Special Report

A nightmare ride through desolation

10 February 2019 - 00:00 By ARON HYMAN and ANTHONY MOLYNEAUX


Hundreds of people twist and turn in an effort to find space to stand, a breath of air. More climb in through windows that once, in distant memory, contained Perspex. As the train starts moving, stragglers leap aboard between carriages then climb on the roof.
No-one can afford to miss the 4pm train into town, because they have no idea if or when there will be another. In any case, standing alone after dark at Philippi station is the surest way to get robbed, or worse.
This is the central line, the busiest and most beleaguered of Cape Town's three rail arteries.
Metrorail briefly shut the line to Mitchells Plain, Khayelitsha and Bellville in December 2017 after months of vandalism and attacks on infrastructure and staff.
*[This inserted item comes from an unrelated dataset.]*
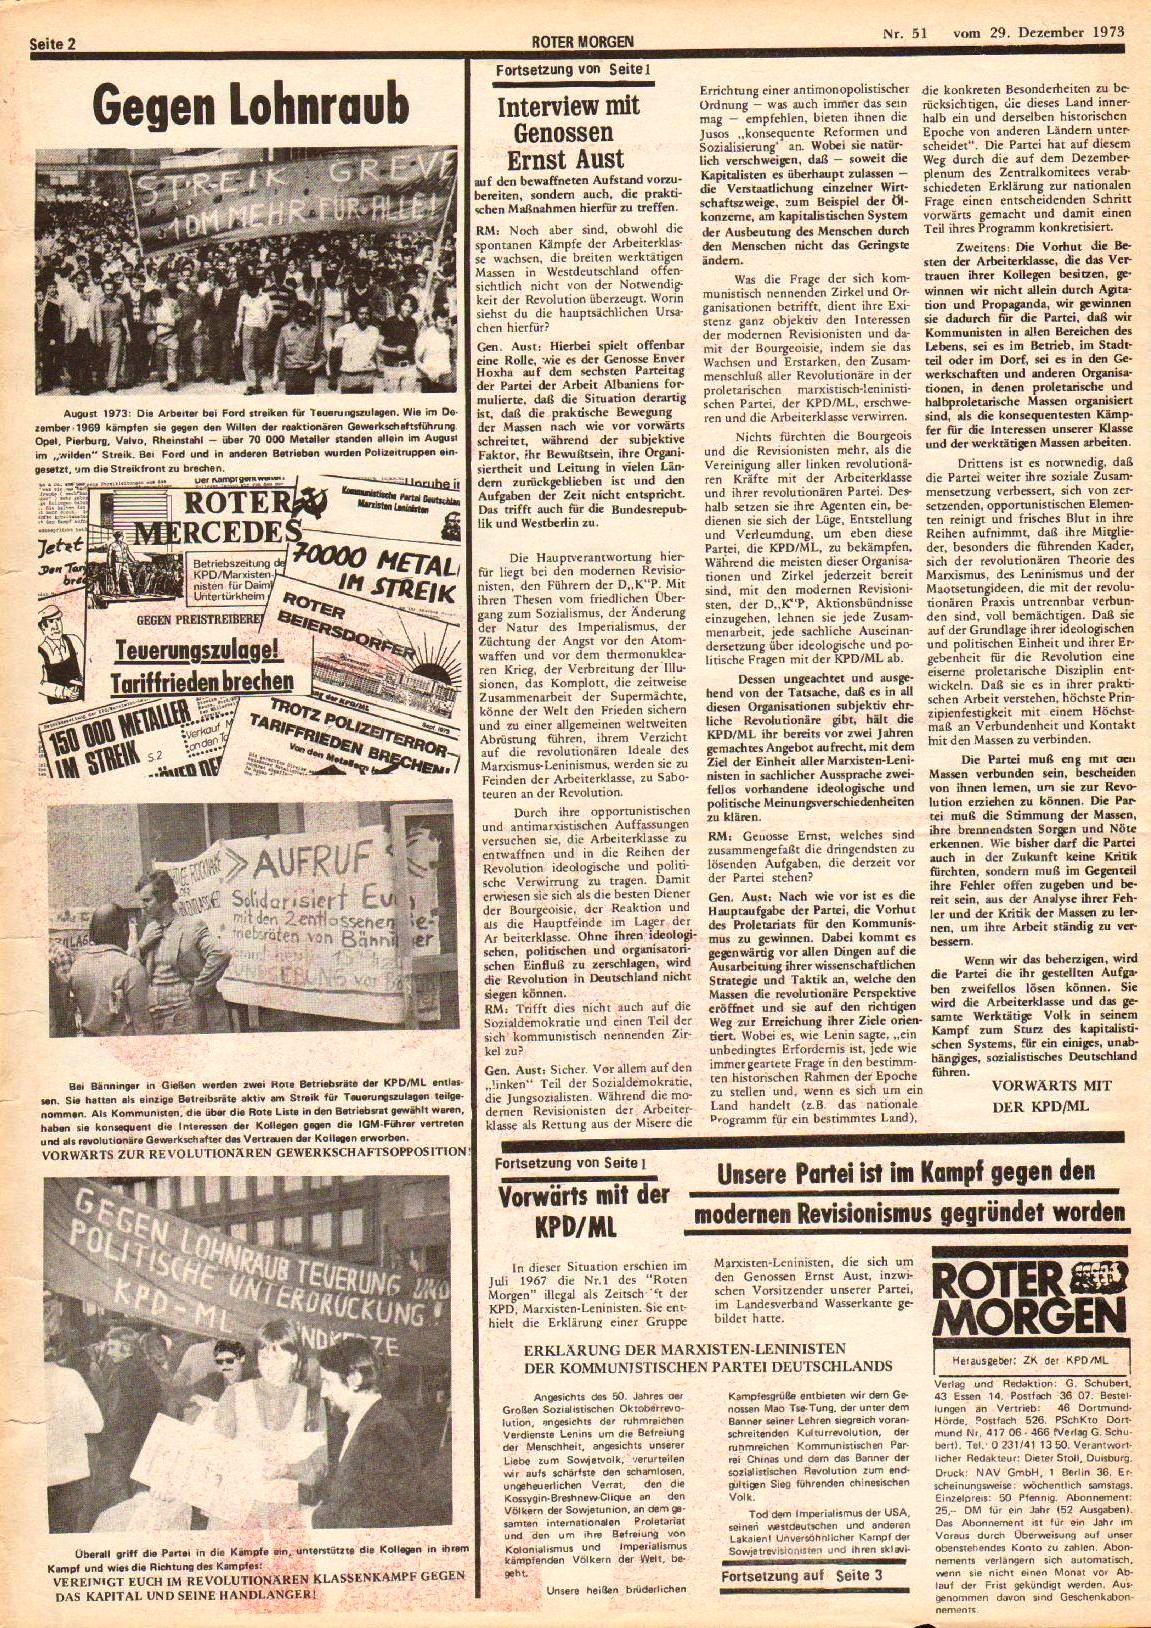 Roter Morgen, 7. Jg., 29. Dezember 1973, Nr. 51, Seite 2

It was shut again the following month - this time for several weeks - after a security guard was shot dead.
Today it is working, after a fashion, and peering out of a gutted coach are crowds of night-shift commuters on their way to work as security guards, kitchen staff and cleaners.
"When it rains you get wet in the train even before you get off," said a young barman on his way to work at a V&A Waterfront hotel.
One of the security guards, James Khobeni, is already late for work but it's the next morning he is really worried about.
"I'm a married man, I have kids. I'm scared in the morning when I come back from work because it's more dangerous then."
Cape Town's economy is suffering as a result of the perennial lateness of its workforce, but for the workers themselves the stress is personal.
"They give us warnings at our jobs when we're late," said Khobeni.
His commute means running a gauntlet of hazards.
If the criminals are not robbing them on trains, they are waiting for them on platforms. Recently, Khobeni was robbed at gunpoint with several other people at Belhar station.
"We were waiting for the train there, it was late, around 5pm, so these three guys they came to us. They robbed us with a gun," he said.
A chilling and relentless westerly wind blows right through the train. Plastic bags cling to the dry grass alongside the tracks. The remains of signalling equipment, now stripped of the copper wire inside, are being absorbed into a squatter camp growing quickly alongside and between the tracks.
Then the train stops. Electrical wires used to operate the points have been stolen and signal lights have been stripped of their bulbs and copper wire.
The driver needs to wait for the points to be changed manually, and signalling has been replaced by orders relayed by walkie-talkie or cellphone.
"We are very vulnerable now," said a Metrorail guard. "This is when criminals get onto the train and rob people."
Unmolested, the train moves again. Under every bridge, drug addicts sift through smouldering rubber. The remains of sleeves which housed 10cm-thick copper cable lie discarded. But the worst is still to come.
Netreg, between the neighbourhoods of Bonteheuwel and Valhalla Park, is "the most dangerous station in Cape Town", according to former Passenger Rail Agency of SA board member William Steenkamp.
Train driver Pieter Botha was killed here in July 2016 when gangsters shot him twice in the head while he was waiting for a train to take him home. Not far away, in the same week, a Metrorail guard was shot and killed while patrolling the railway service road.
According to an affidavit by United National Transport Union general secretary Steve Harris, there were 10 more incidents affecting train drivers in the seven months after those shootings.
When the train approaches the station, people sitting near the windows become restless. Teenagers and children living in shacks alongside the line often try to hit a hapless passenger with a well-aimed rock.
Everywhere there are signs of creeping decay that has left most of the central line looking like a bomb site.